Great question, I did think about this but I see this as an edge case that requires take into consideration what are the incentives in play. For starters, the main goal for the improved ritual initiation protocol is to increase robustness against unresponsive nodes. While it does provide some robustness against malicious nodes, it doesn't achieve the same level.
There's no honest reason for a node to submit a correct transcript but a wrong aggregate. From a cryptoeconomic perspective, this is a very stupid move, since it implies putting on-chain direct evidence for slashing. For this reason, I prefer that we basically "ignore" these type of edge cases and solve them differently.

Having said that, let's go back to your question: what should we do in this case? This is something that can even be detected at the smart contract level, so we have a lot of flexibility here, but with important trade-offs. On the one hand, we can choose to continue with the ritual and go with whatever the super-majority of nodes decide; the misbehaving node would have left evidence for future slashing and the ritual would go on with a "questionable" member, as you put it, which shouldn't be much of an issue in a threshold cryptosystem. This is what I initially considered and why it wasn't mentioned in the proposal. On the other hand, we can choose to cancel the ritual; this could be considered a "safer" choice but it would be introducing the possibility that a single misbehaving node can force ritual failure.

Regarding longevity, I agree that "questionable" members are the most immediate target for replacement.

Any initial thoughts/musings on the length of the challenge phase? This may have an impact on node event scanning interval.

I would leave it to be as long as the overall timeout left, but I guess we can leave some room for optimization.

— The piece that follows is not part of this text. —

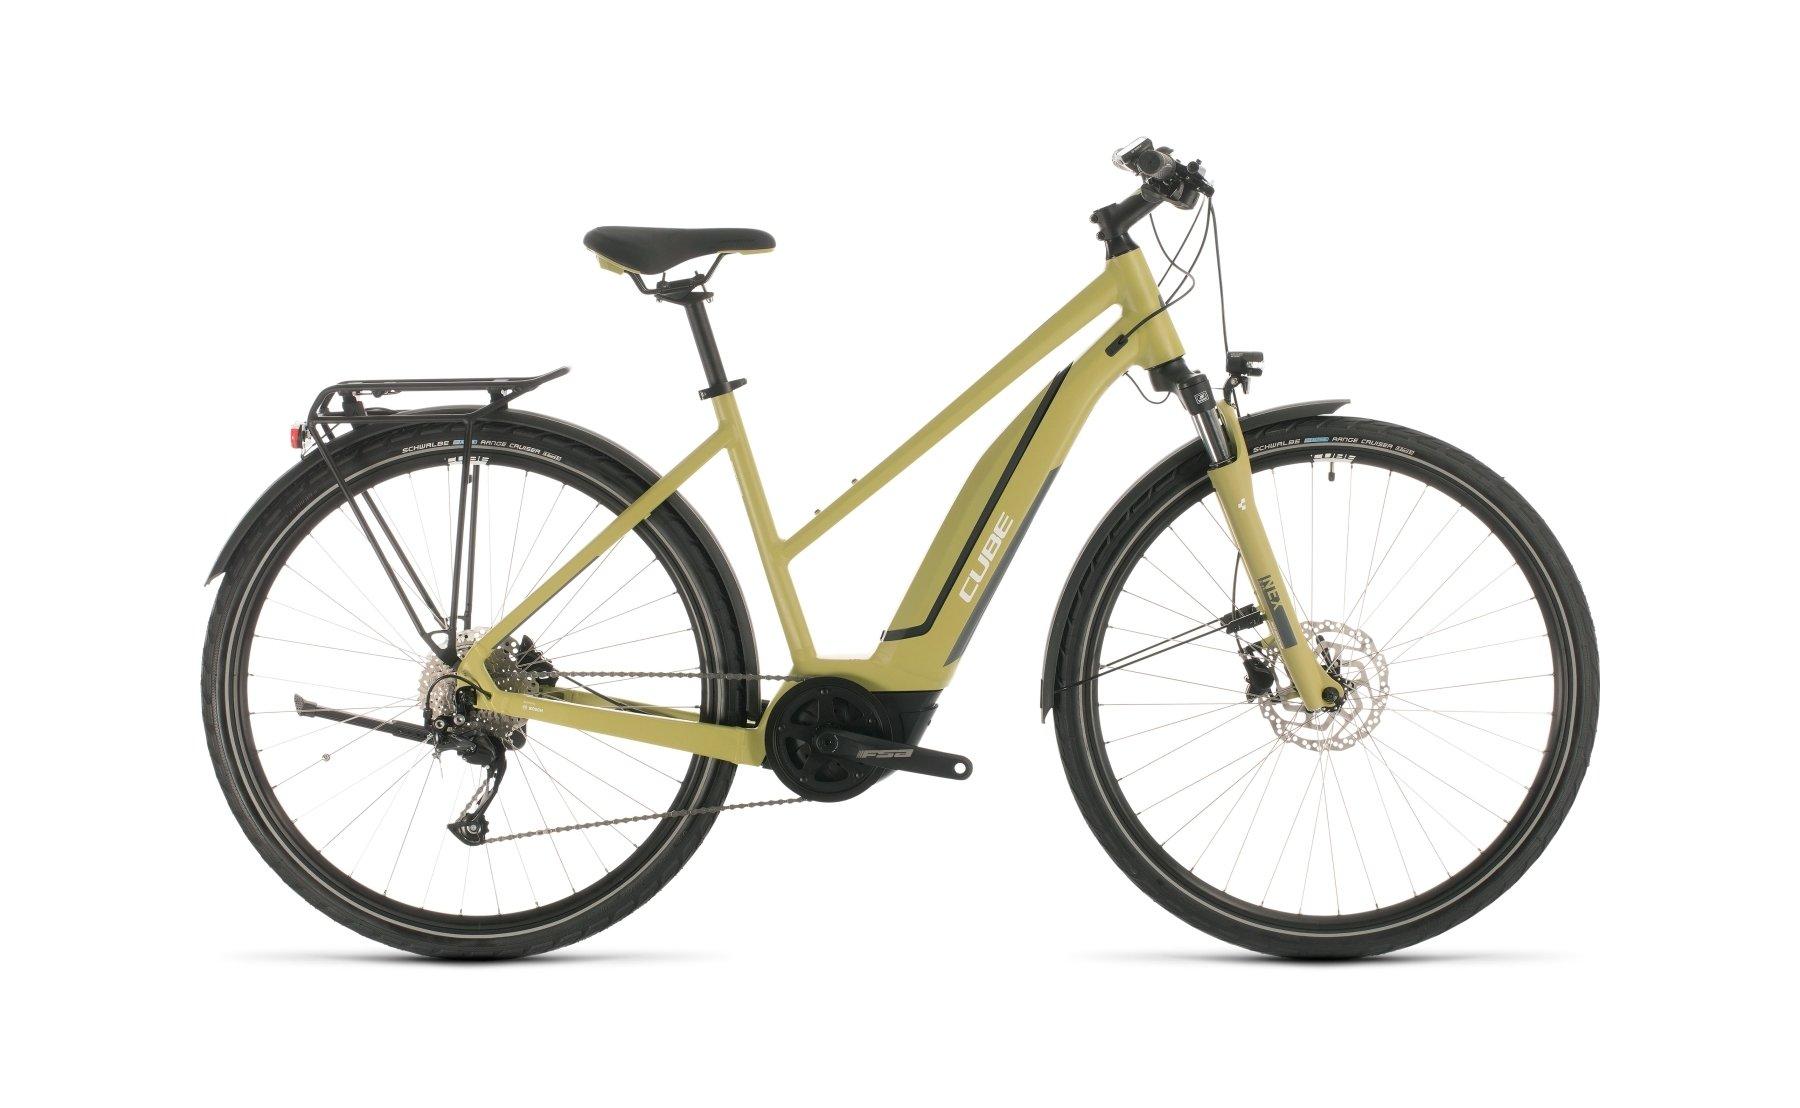 cube touring hybrid one 500 2020 28 zoll bestellen fahrrad xxl. Black Bedroom Furniture Sets. Home Design Ideas

Answer 12 · 2024-02-15T14:03:16.000Z

I would leave it to be as long as the overall timeout left, but I guess we can leave some room for optimization.

I've been wondering about this generally. How performant do we care about ritual ceremonies being? Are we ok with it potentially taking the entire timeout (currently 3hrs which I think was just an overestimation to allow for issues to be resolved)? Should it be more performant if certain use cases potentially need to have them created on the fly, ideally in the order of a few mins.?

Of course for the beta program it doesn't matter, although even then we are currently in the order of a few mins., but in the permissionless future does it being performant begin to matter more ...

Answer 13 · 2024-02-15T14:13:03.000Z

I've been wondering about this generally. How performant do we care about ritual ceremonies being? Are we ok with it potentially taking the entire timeout (currently 3hrs)? Should it be more performant if certain use cases potentially need to have them created on the fly, ideally in the order of a few mins.?

The waiting time is inherent to optimistic protocols, but I guess we can introduce an option to make it not optimistic (i.e., all nodes are requested to vote on aggregation), as long as the adopter pays for it.